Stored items
-- Opening Marker --

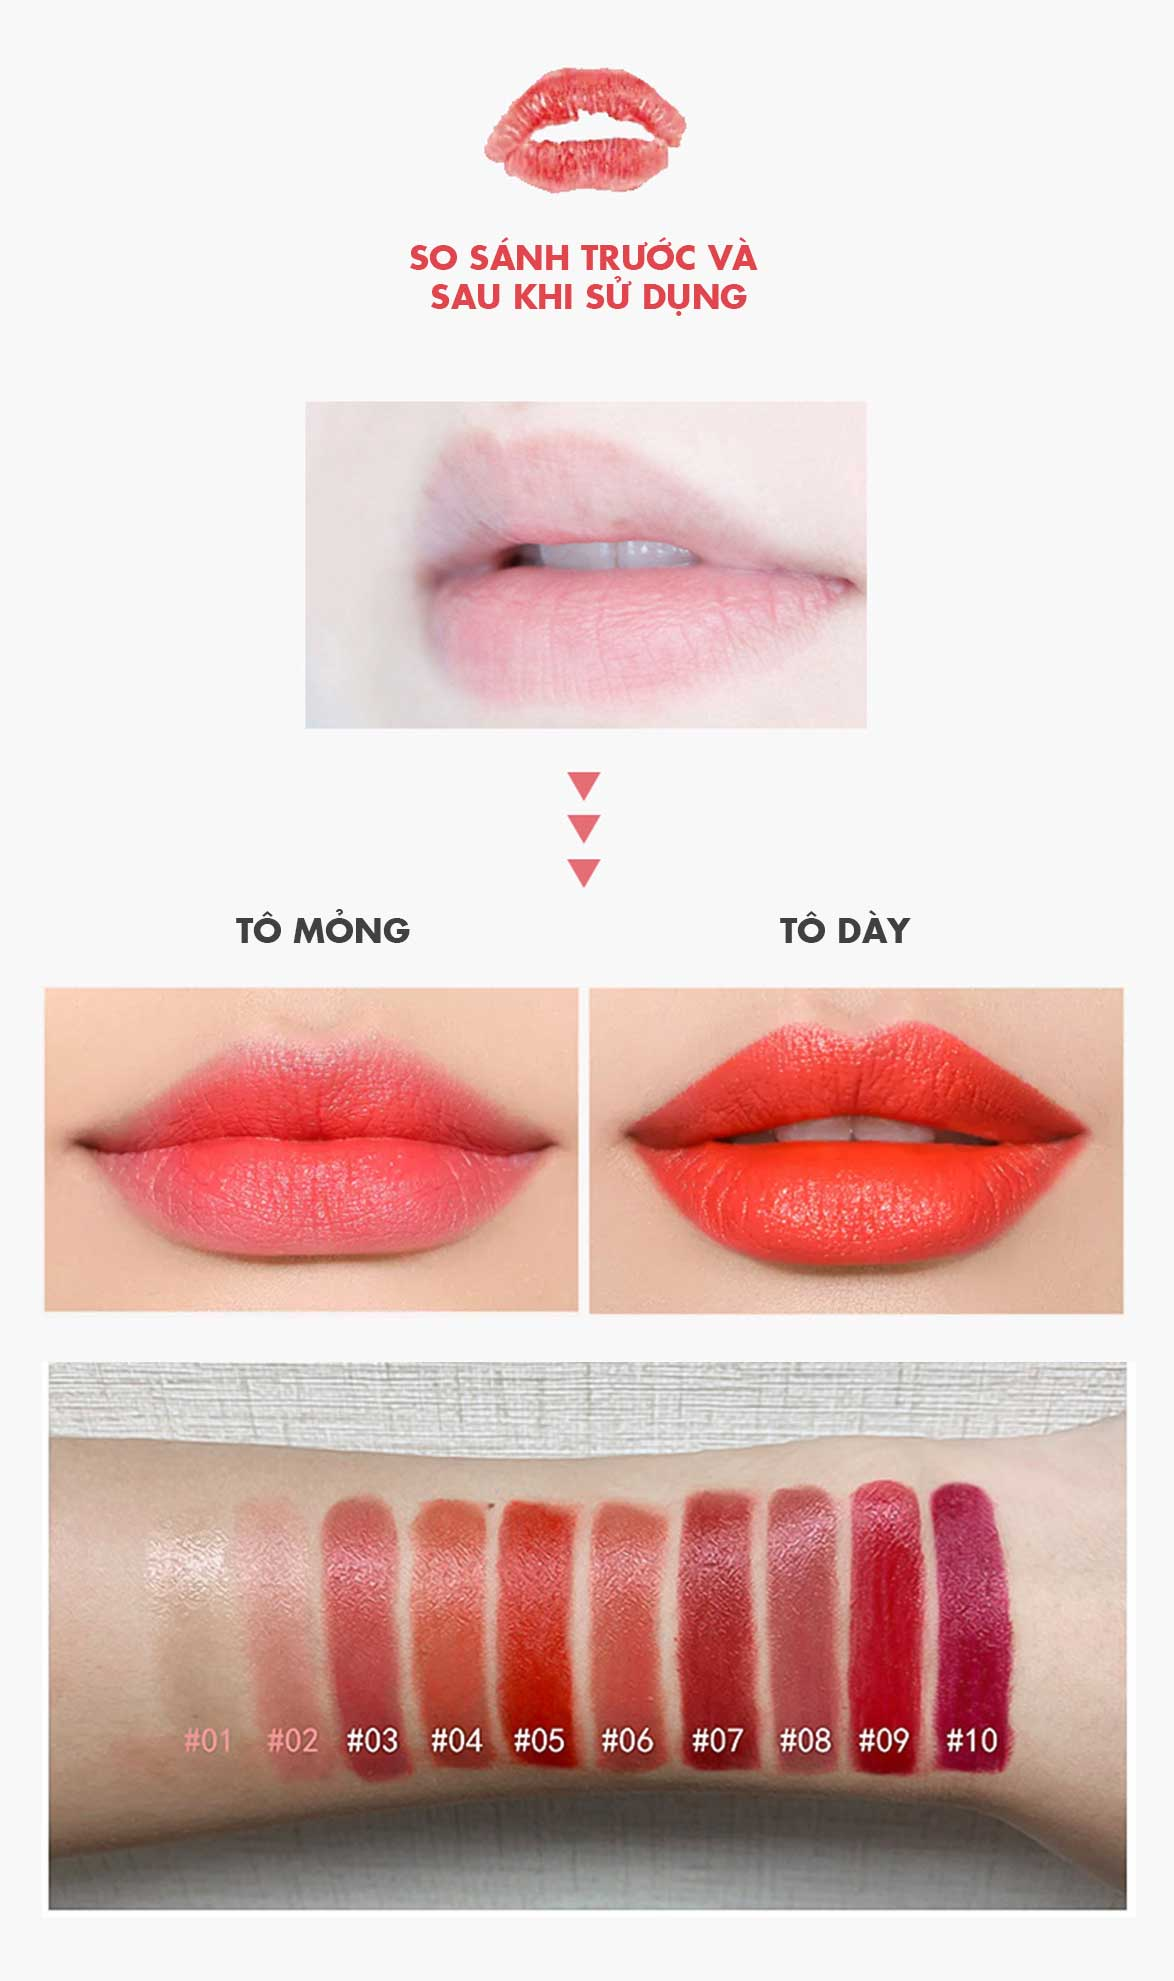 So Sánh Trước Sau Khi Dùng Son Thỏi Moisturizing Lipstick
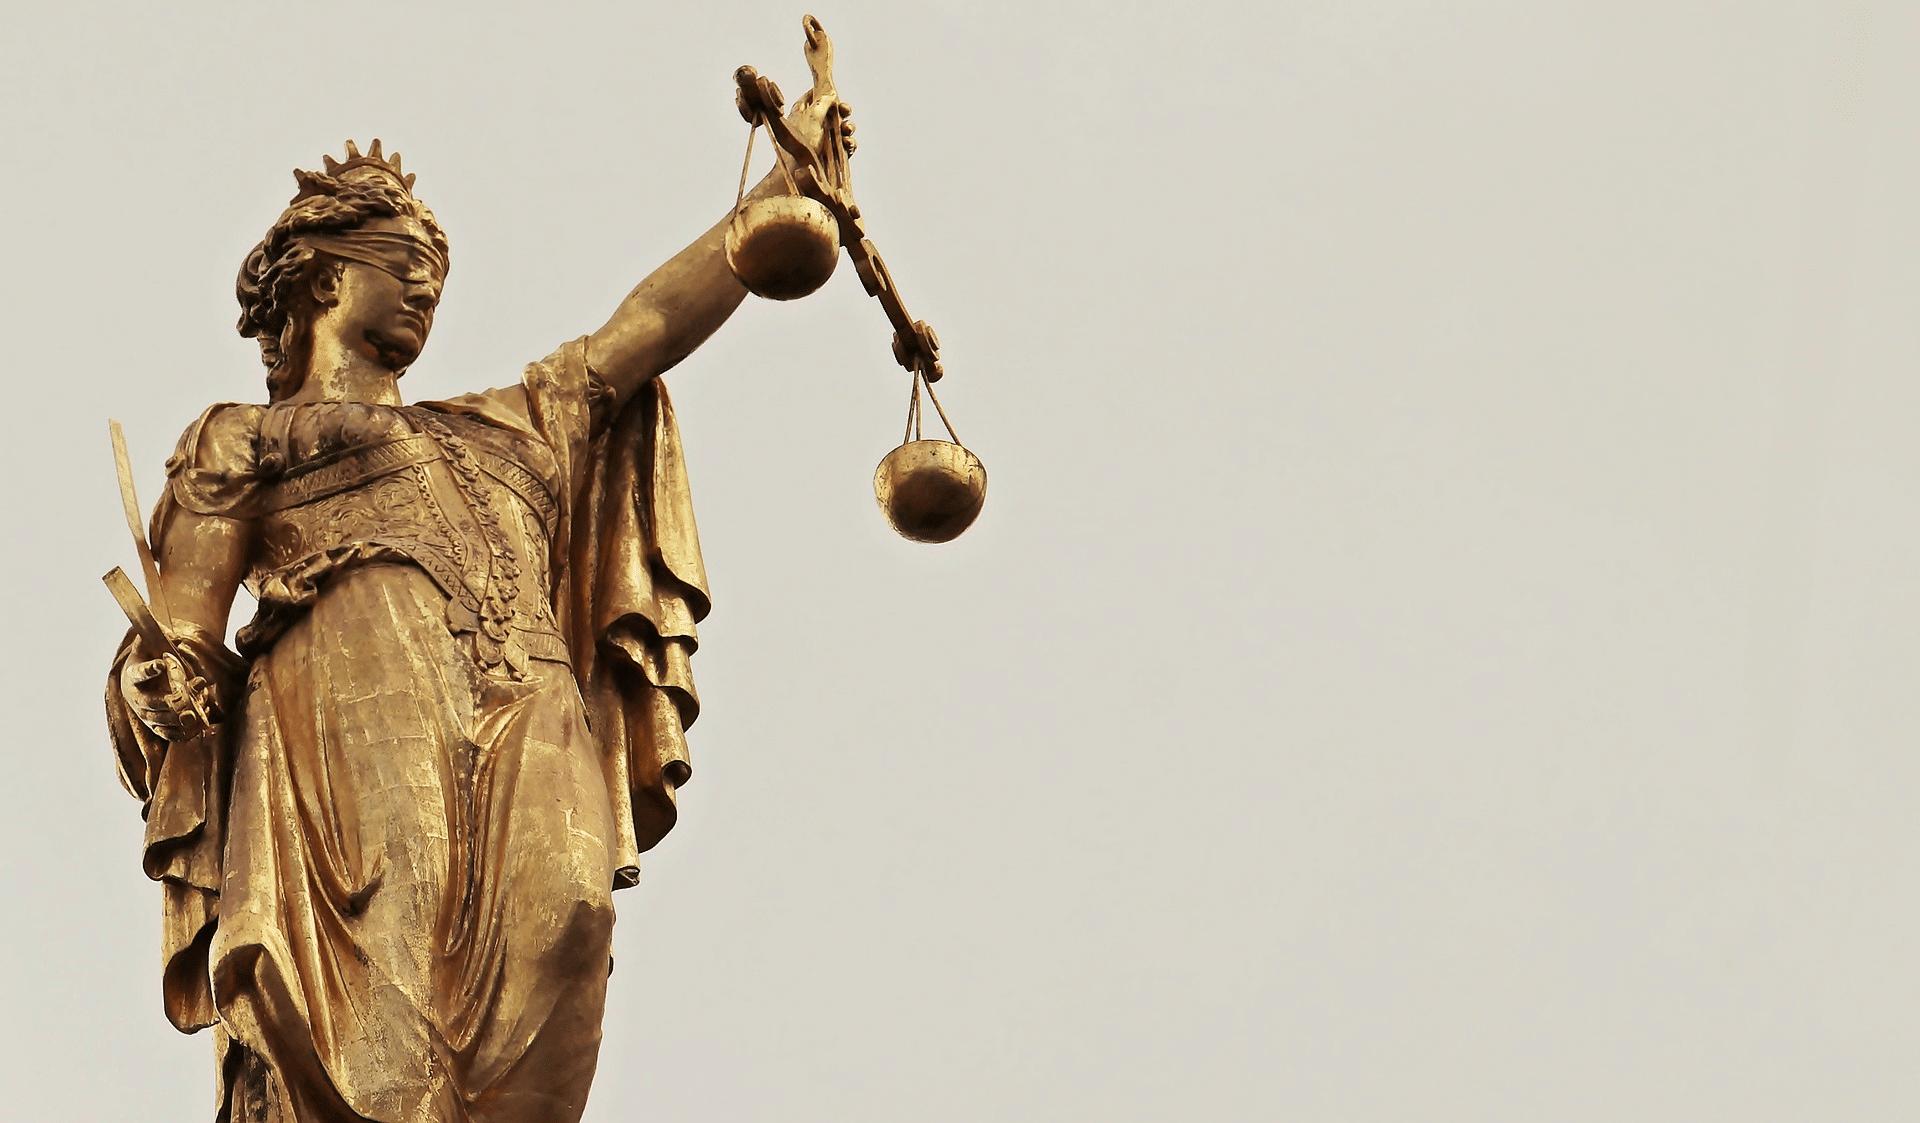 Illinois loi 18 ans datant de 16 ans datant marchant sur des coquilles d'oeuf
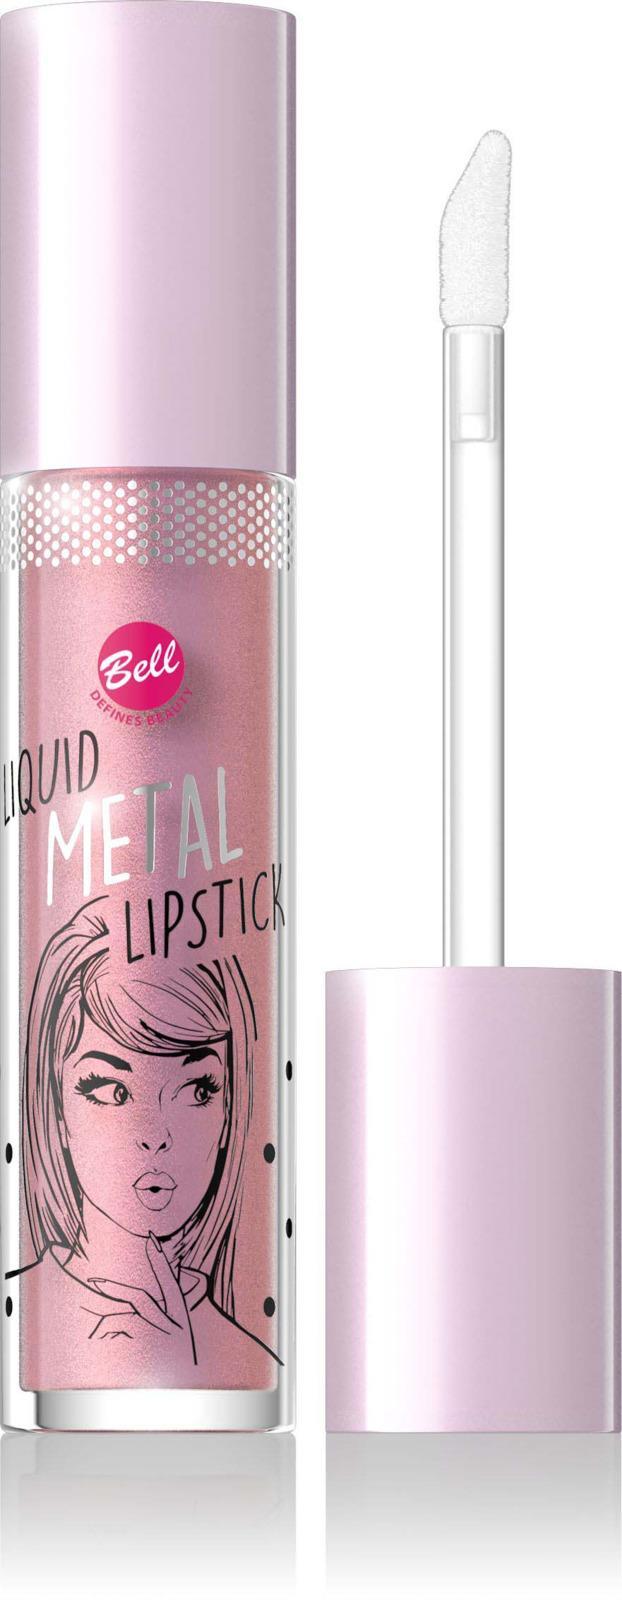 Помада жидкая с эффектом металлик Bell Liquid Metal Lipstick, тон №01 помада жидкая с эффектом металлик bell liquid metal lipstick тон 03
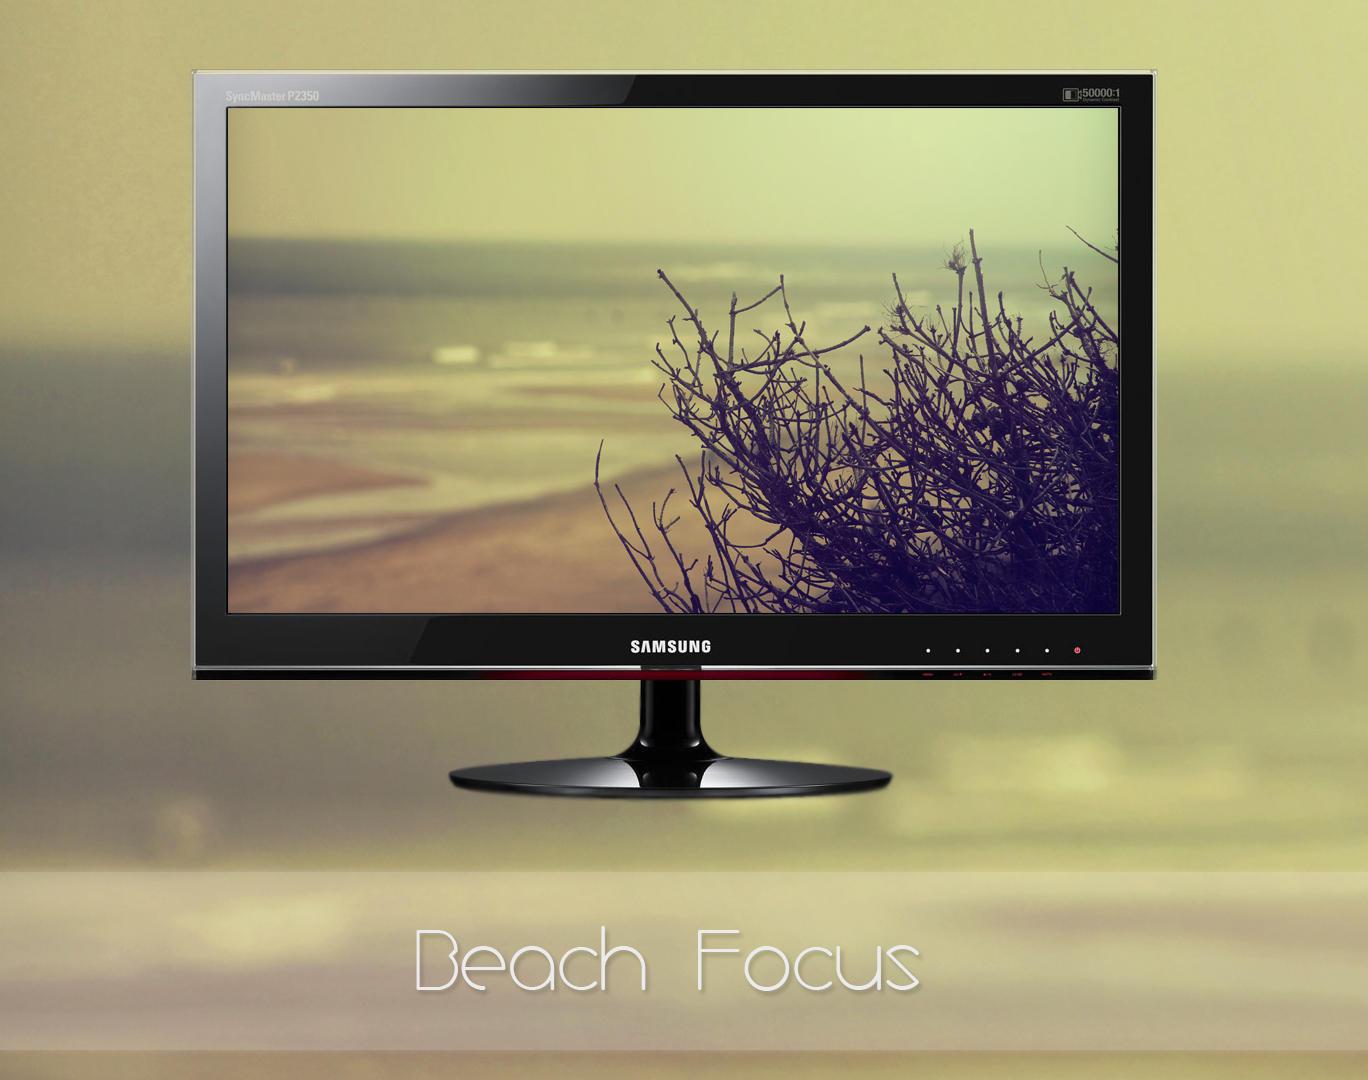 Beach Focus by MGWallpaper
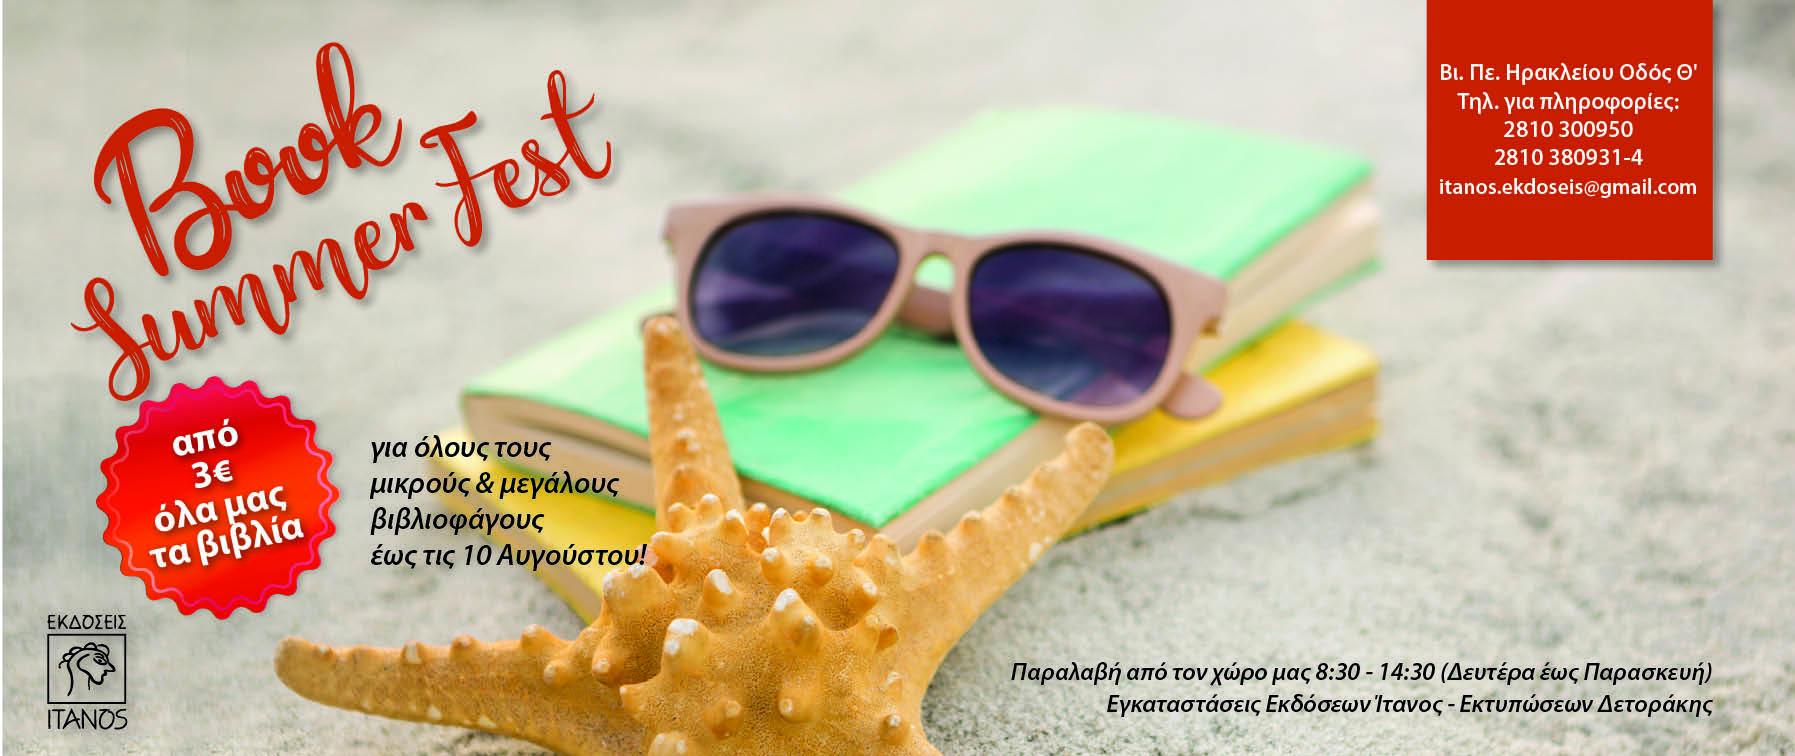 Book Summer Fest
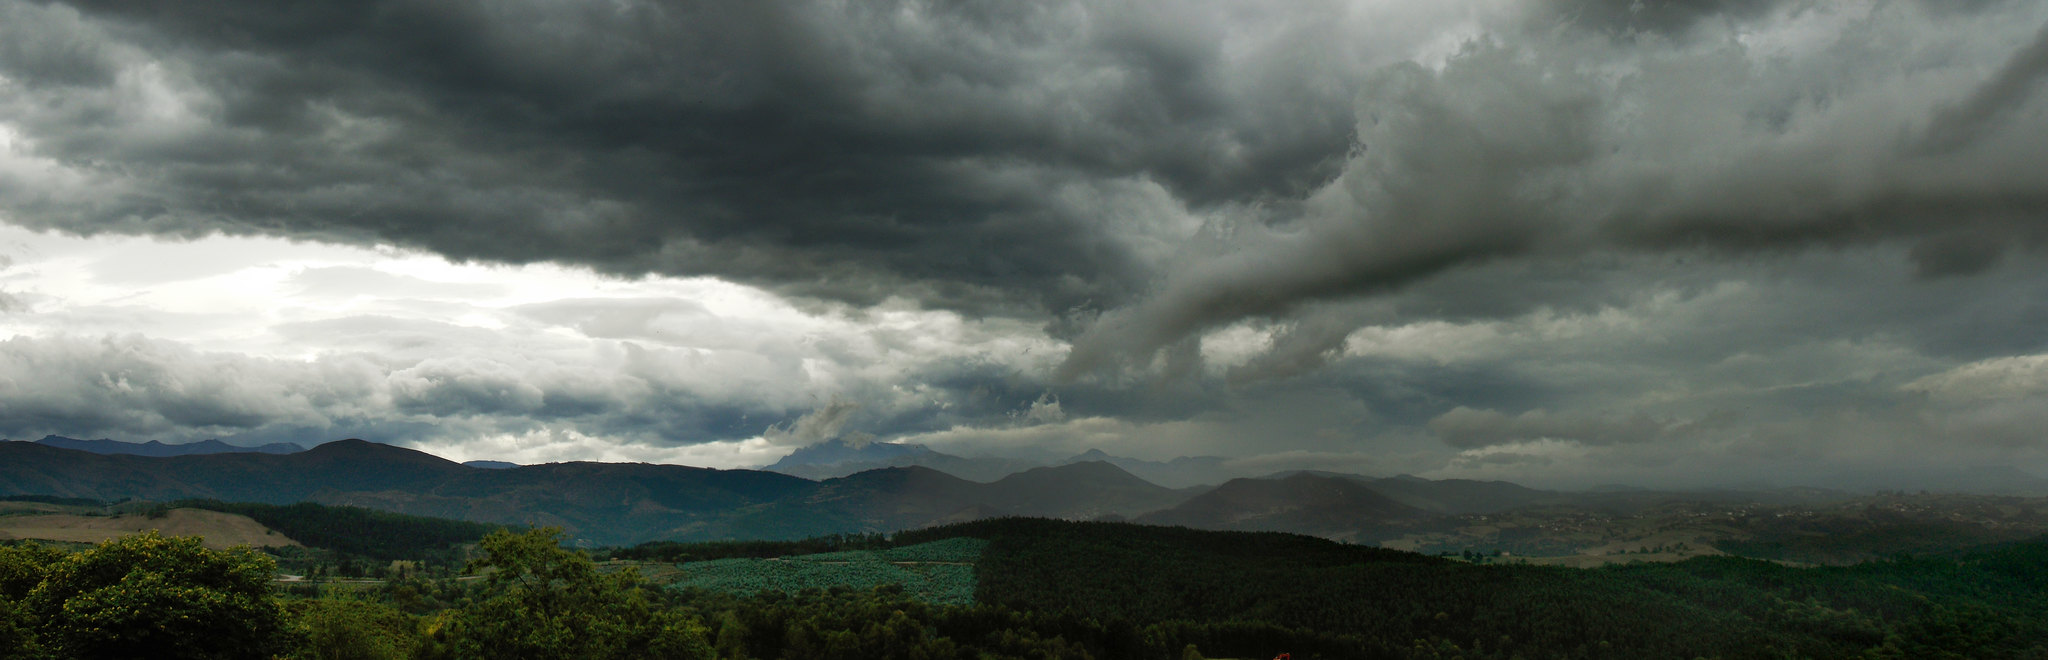 Turismo rural por el valle de Toranzo

-- Closing Marker --

Transcribe exactly the lines from the one with "Book Summer Fest" to the last line of the records, both included, so that no picture appears in the copy.

**Solution to this problem**
 Book Summer Fest
 Turismo rural por el valle de Toranzo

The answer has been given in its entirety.